Hello,
We have a 5-node ES 2.3.3 cluster that we use for a write-heavy logging workload. We keep 90 daily indices on it, each with the default settings of {"number_of_shards": 5, "number_of_replicas": 1}
. Each index contains about 80M documents and takes up about 70GB.
When new indices are created, they almost always have an uneven shard allocation. The following allocation is pretty typical for our 5 (P)rimaries and 5 (R)eplicas per index:
Node 1: P0 P1 P2 P3 P4
Node 2: R1
Node 3: R3
Node 4: R2
Node 5: R0 R4
It's worth noting that the exact allocation for Nodes 2-5 will vary a bit, but Node 1 almost always gets all 5 primary shards.
I understand that we don't need to worry about the uneven distribution of primaries, but we are seeing poor bulk indexing performance with the uneven default allocation. When we manually adjust the allocation to an even 2 shards per node--what we would expect by default--we have no indexing bottlenecks.
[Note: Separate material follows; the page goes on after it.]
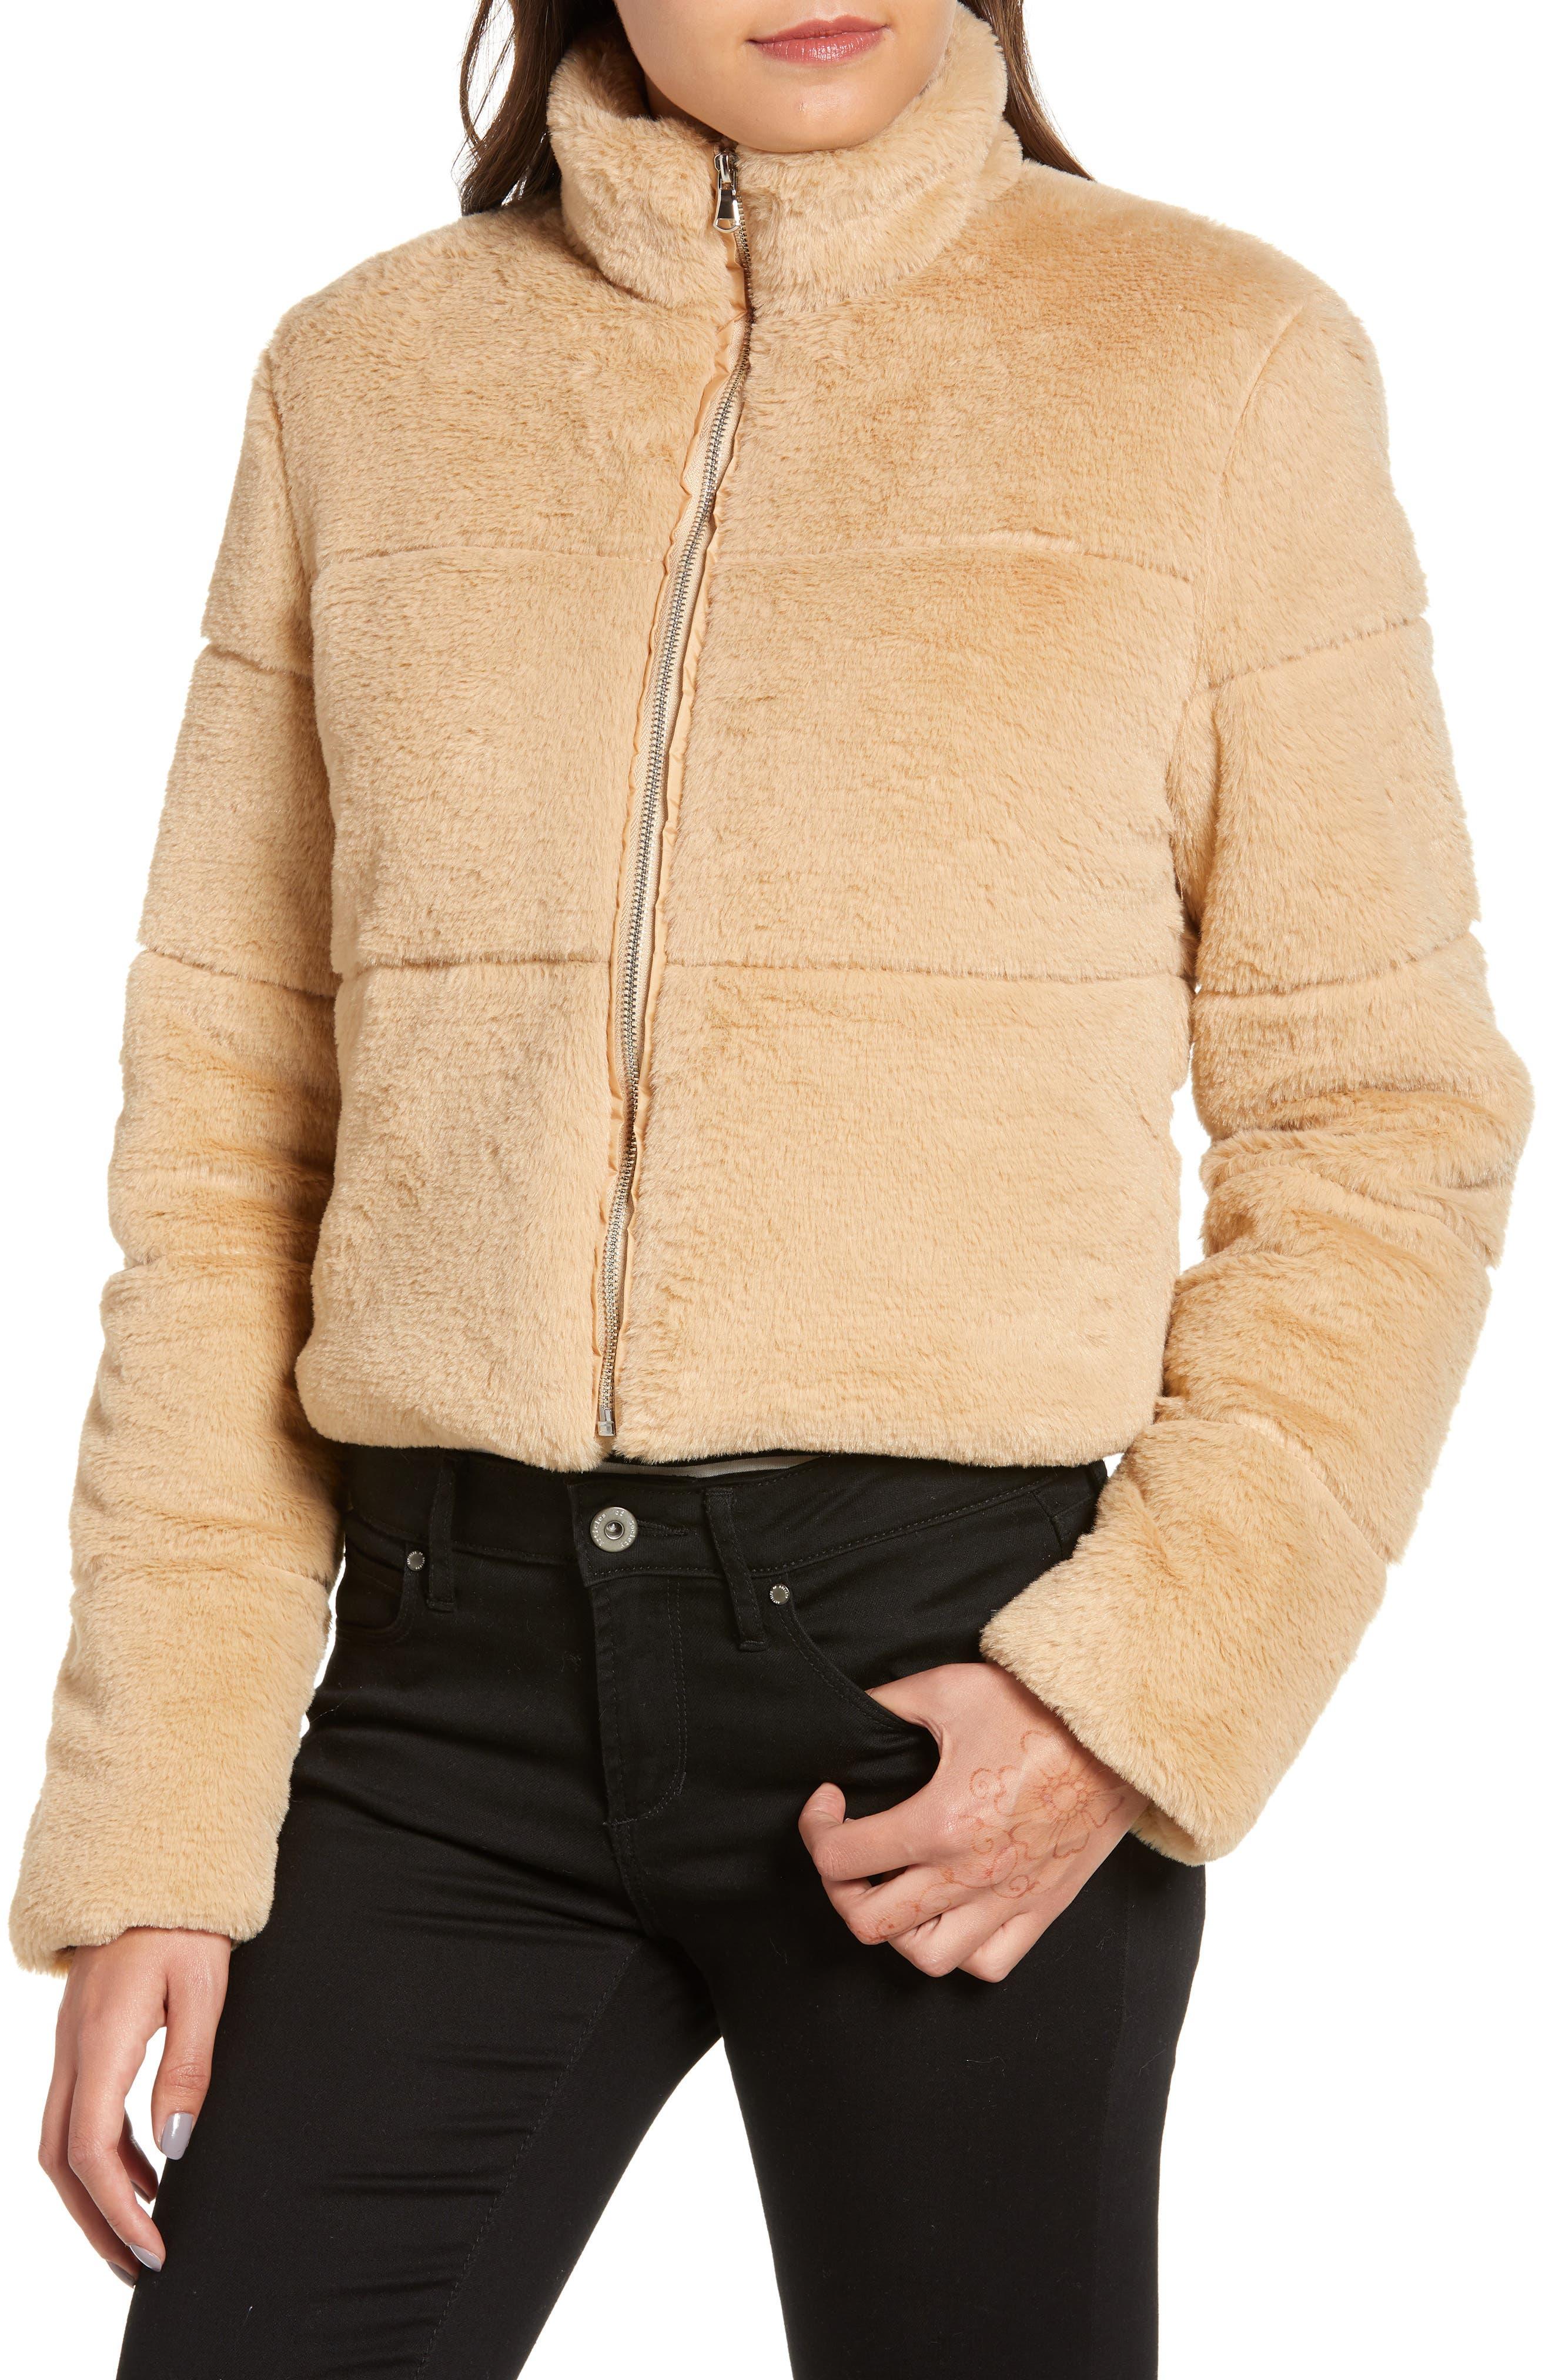 TIGER MIST, Bridget Faux Fur Puffer Jacket, Alternate thumbnail 5, color, 250

I'm wondering what we can do to automatically get an even per-index shard allocation. I've found some hacky approaches like initially applying a restrictive total_shards_per_node
when creating an index, then relaxing it later. Setting {"cluster.routing.allocation.balance.index": 1}
doesn't seem to affect initial allocations.
(I also tried creating empty indices with 1 replica and 10, 15, and 20 shards. In all cases, I ended up with 5 primaries on Node 1. This worked well for the 10-shard index, which was almost perfectly even, but resulted in very uneven allocations for the 15- and 20-shard indices. I also tried creating a 5-shard 0-replica index, and all 5 primaries were again on Node 1. I don't think any of this is particularly relevant to the solution of the current problem, but it does point to some affinity that Node 1 has for hosting 5 shards per index!)
Key settings are below. Happy to provide any other settings/details that would be helpful to see.
Thanks!
Cluster-wide /etc/elasticsearch/elasticsearch.yml
:
cluster.name: cluster_name
node.name: node_name
path.data: /path/to/elasticsearch/data0,/path/to/elasticsearch/data1
path.logs: /path/to/elasticsearch/log
network.bind_host: "0.0.0.0"
network.publish_host: _non_loopback_
discovery:
type: ec2
ec2:
groups: aws-security-group-name
script.engine.groovy.inline.aggs: on
GET /_cluster/settings
:
{
"persistent": {},
"transient": {
"cluster.routing.allocation.enable": "all"
"cluster.routing.allocation.balance.index" : "1",
"threadpool.bulk.queue_size": "100"
}
}